Die Überängstlichen sind in höchster Gefahr

Wie lässt sich die Widerstandskraft von Kindern stärken? Jedenfalls nicht durch Expertenhörigkeit, schreibt Gerlinde Unverzagt in ihrem gepfefferten Plädoyer für mehr Selbstbewusstsein der Eltern.

Von Christian Geyer

Dieses Buch kommt zur rechten Zeit und dann doch auch wieder zur Unzeit. In dem Augenblick, da deutsche Politiker und der Kinderschutzbund darauf hinweisen, dass Kindesmissbrauch am häufigsten bei nahen Verwandten, in Familien also, vorkomme und ein gesamtgesellschaftliches Phänomen sei, das tabuisiert werde - in dem Augenblick veröffentlicht Gerlinde Unverzagt ein starkes Pamphlet gegen politische und gesellschaftliche Bevormundung der Eltern bei der Erziehung ihrer Kinder. Wie soll eine solche Lektüre nicht erst einmal verlegen machen?

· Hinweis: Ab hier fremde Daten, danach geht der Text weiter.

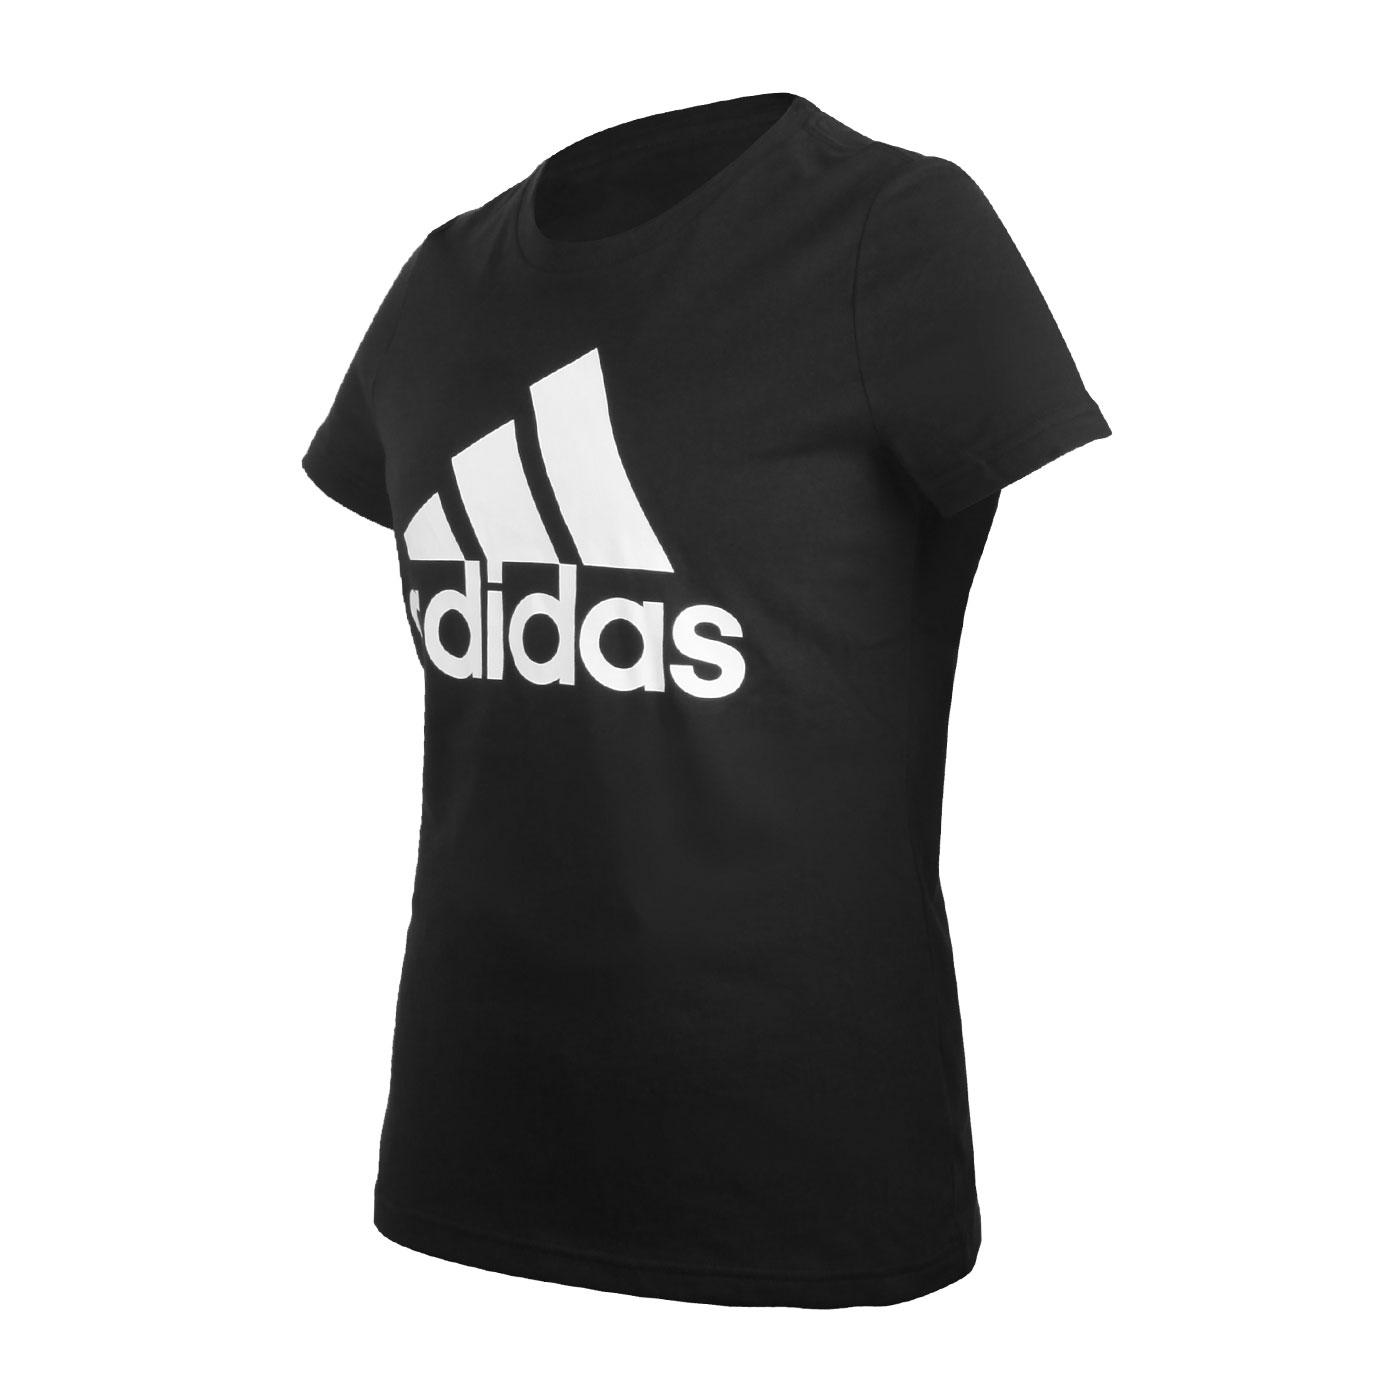 ADIDAS 女款短袖T恤 FQ3237 - 黑白

Man fragt sich: Können Kinder in verwahrlosten Haushalten, die von ihren Eltern vernachlässigt werden, nicht froh sein, wenn der Staat Sozialarbeiter schickt, die in der Wohnung nach dem Rechten schauen? Und sind nicht jene Kinder noch schlimmer dran, die in intakt genannten Familien Opfer von sexueller Gewalt werden, ohne dass ein …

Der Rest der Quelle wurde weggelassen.